_Exercise description:_
Nothing but the pictures should be dropped; repeat the rest of the data below exactly.

_Information shown:_
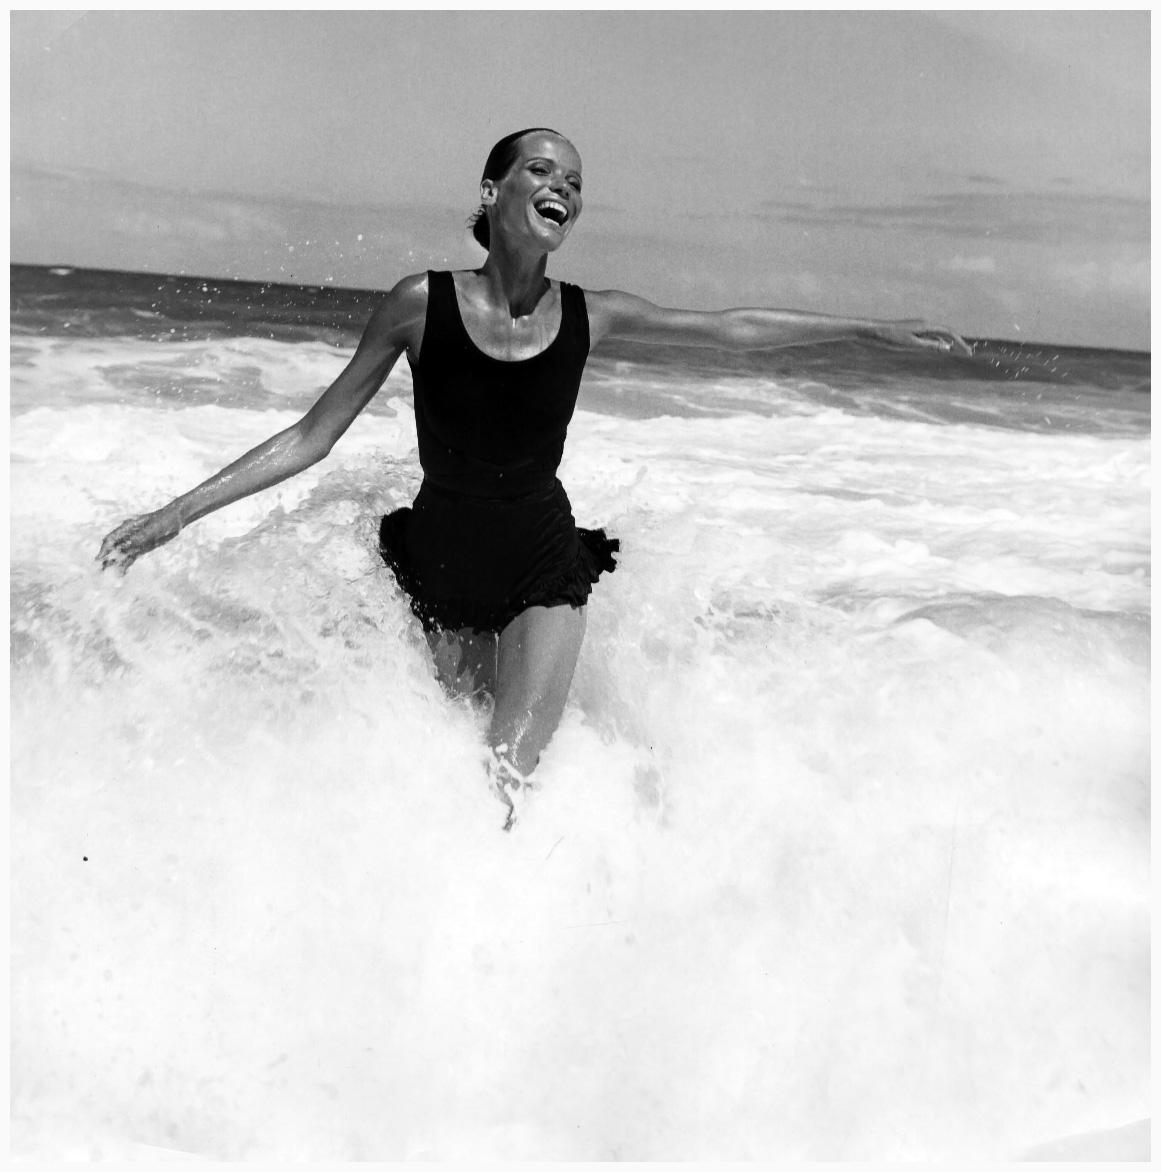 veruschka-splashing-in-the-ocean-american-vogue-brazil-1968-franco-rubartelli-a2
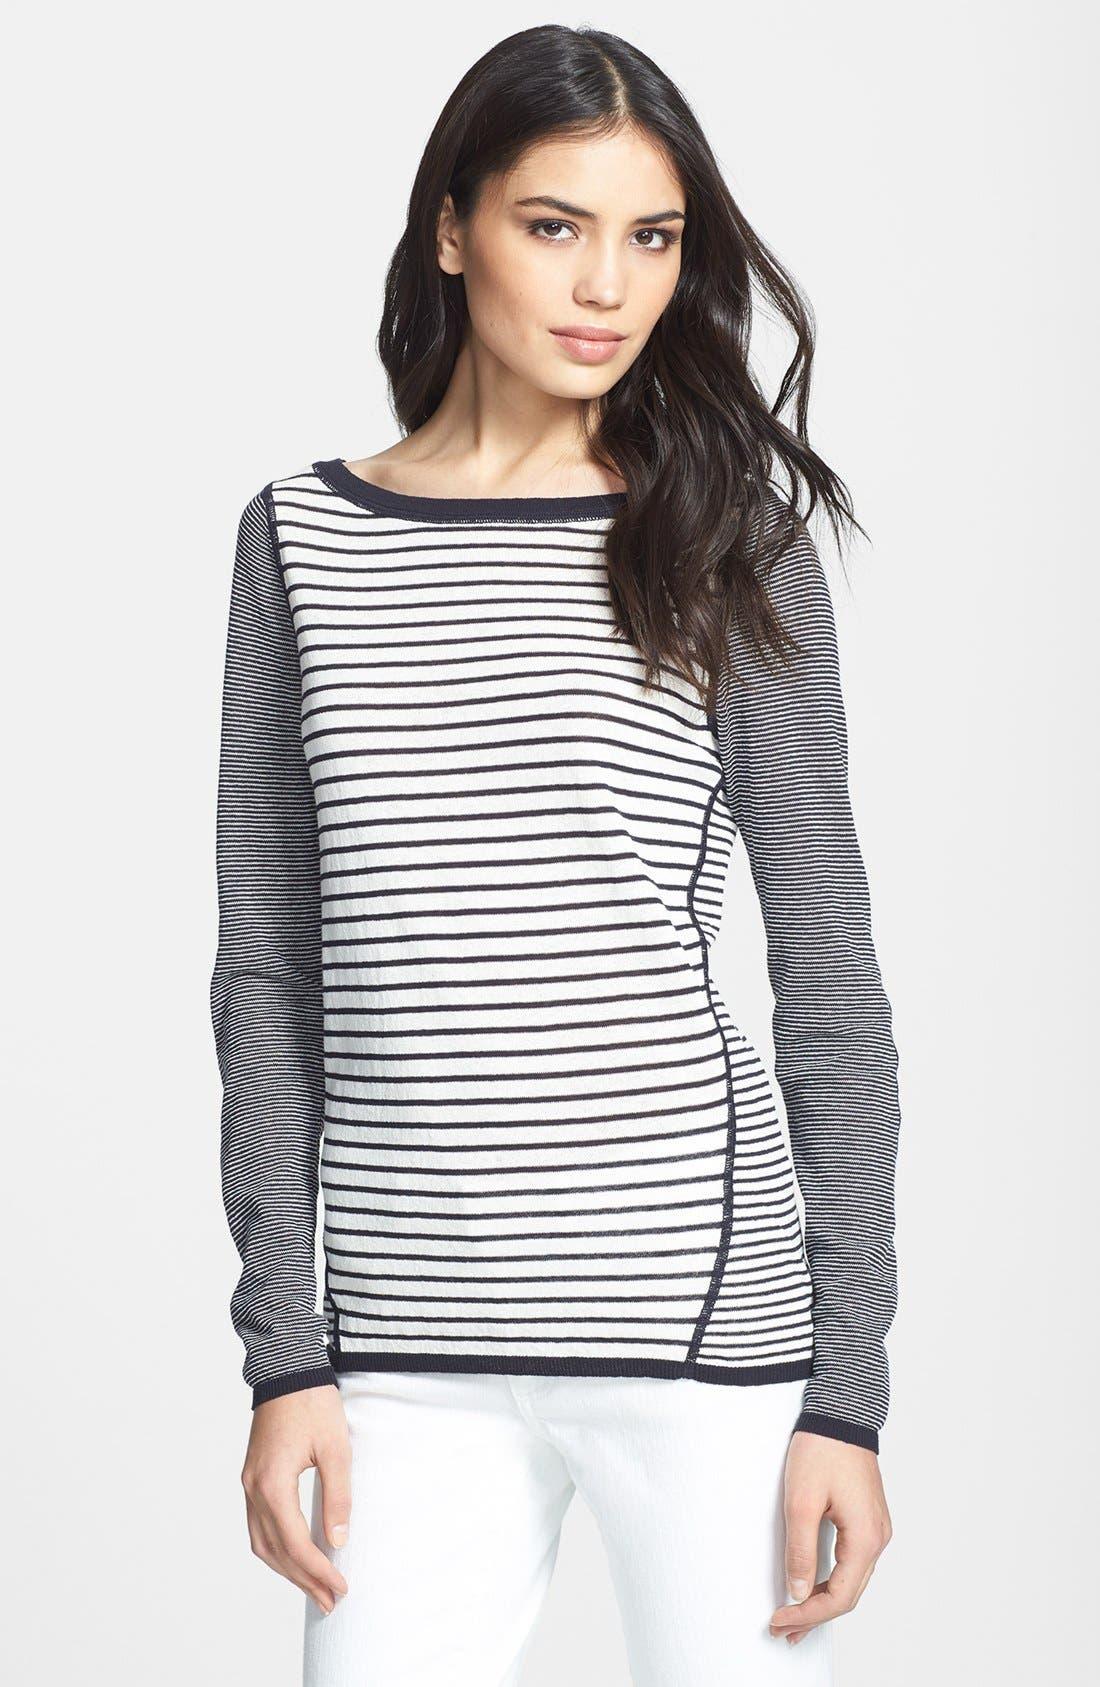 Alternate Image 1 Selected - Tory Burch 'Kamila' Mixed Stripe Sweater
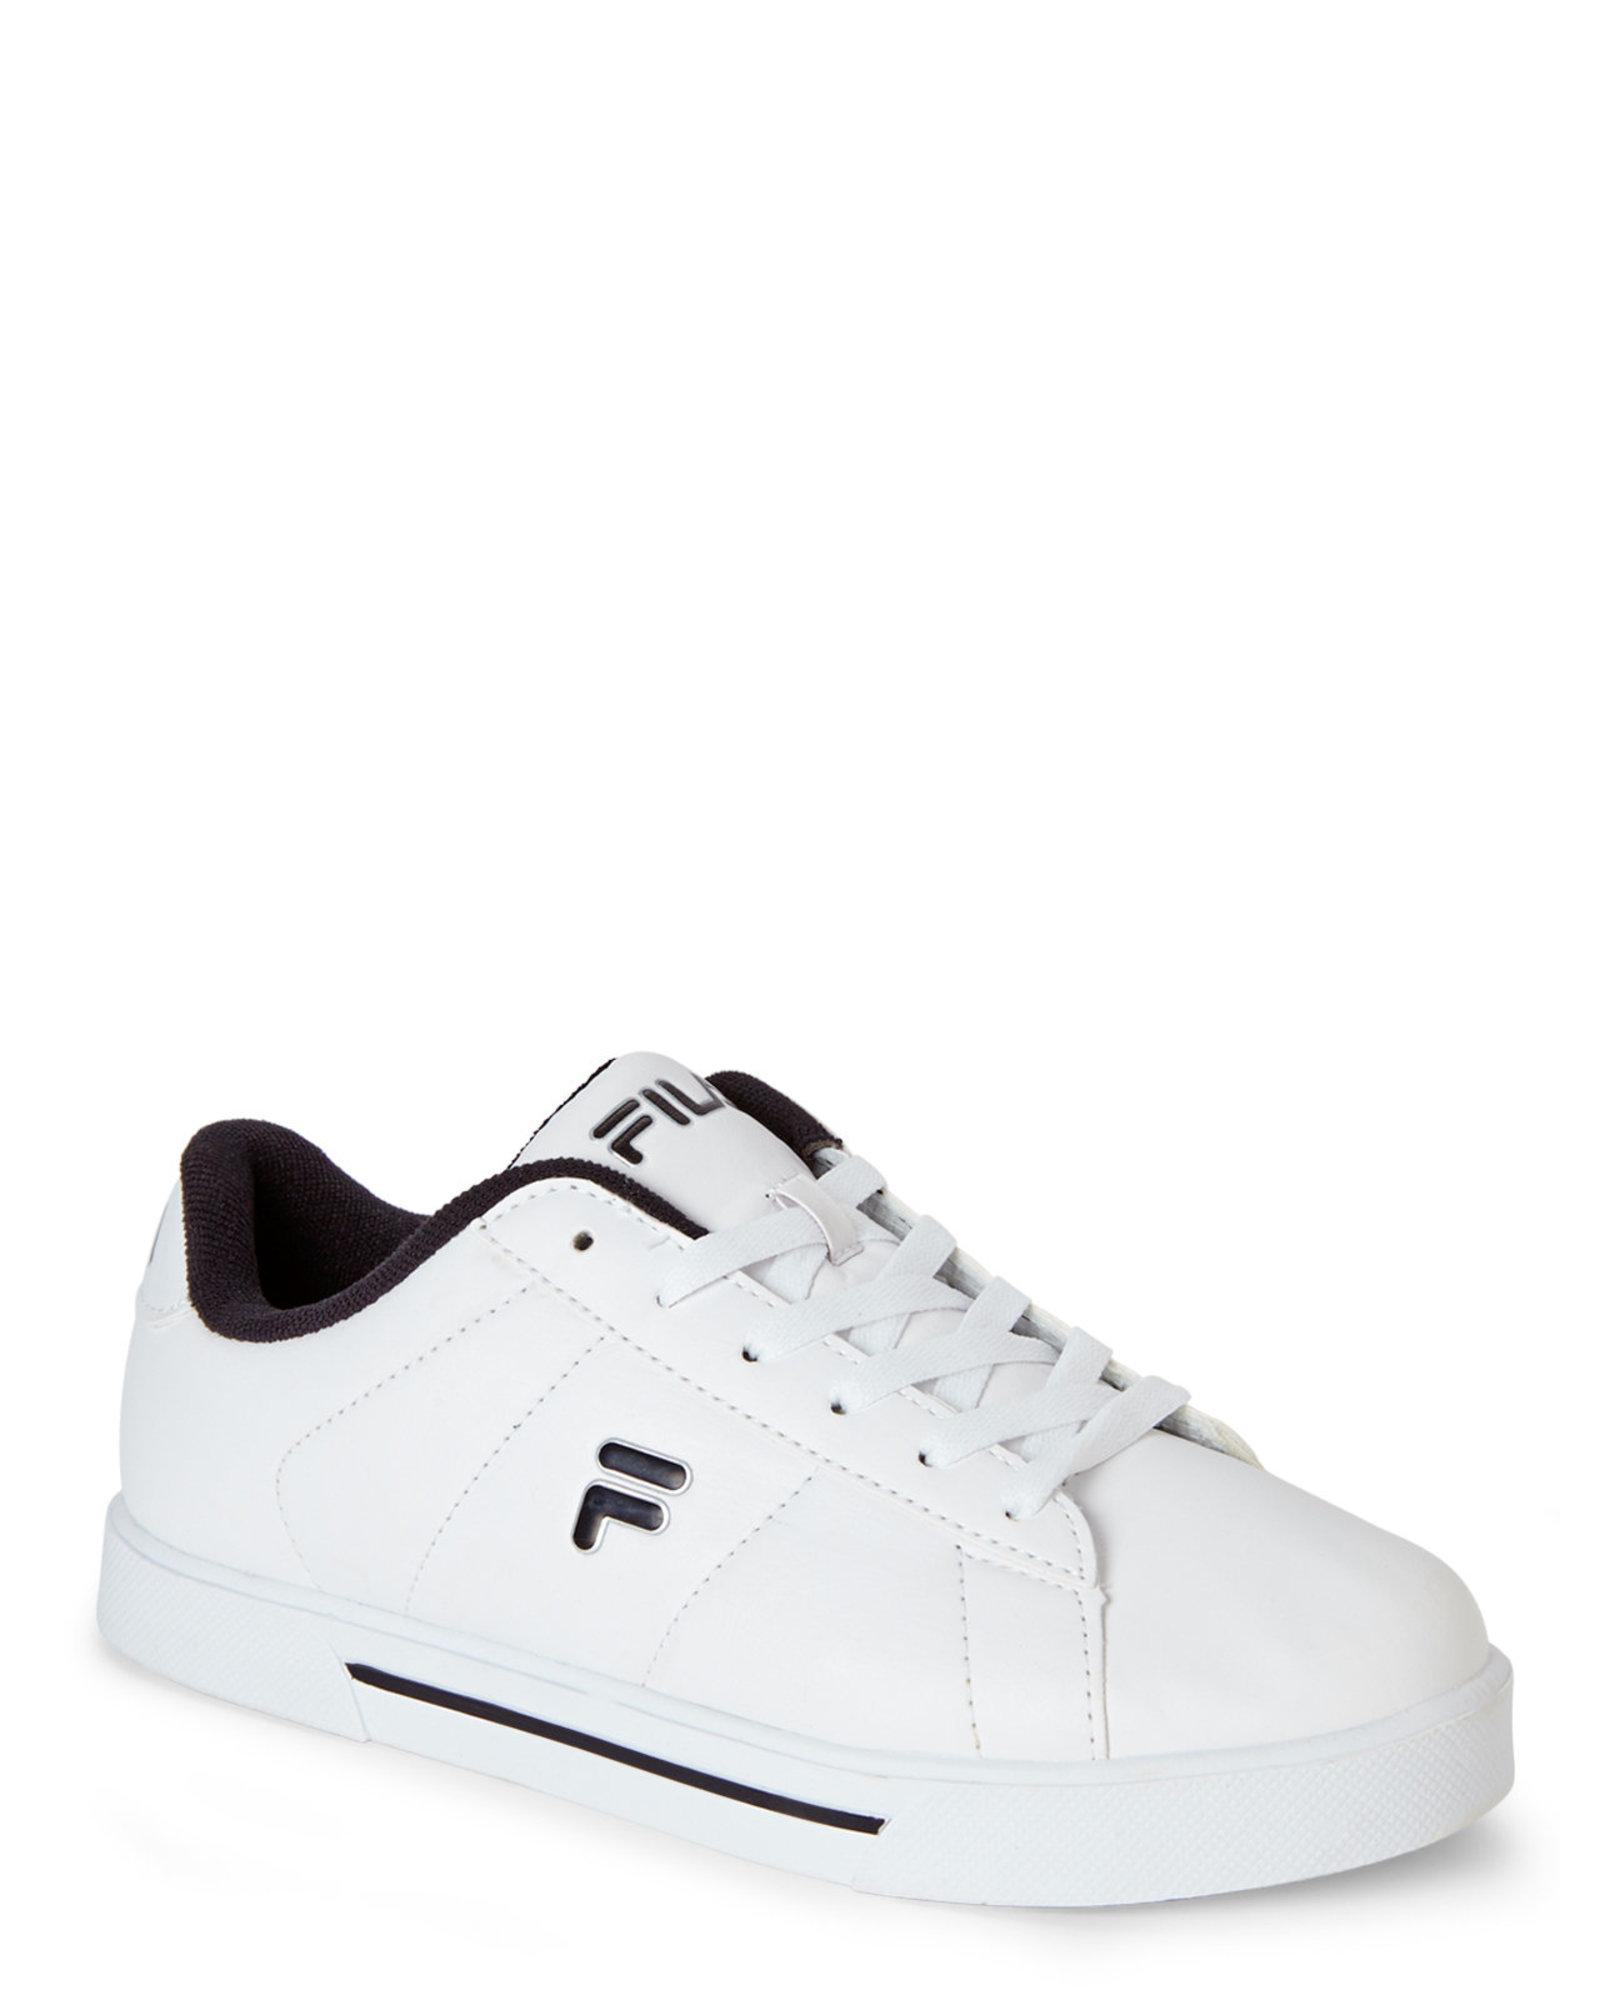 27caad6b9f9 Fila - White   Black Benefactor Sneakers - Lyst

_Problem solution:_
 veruschka-splashing-in-the-ocean-american-vogue-brazil-1968-franco-rubartelli-a2
 Alternate Image 1 Selected - Tory Burch 'Kamila' Mixed Stripe Sweater
 27caad6b9f9 Fila - White   Black Benefactor Sneakers - Lyst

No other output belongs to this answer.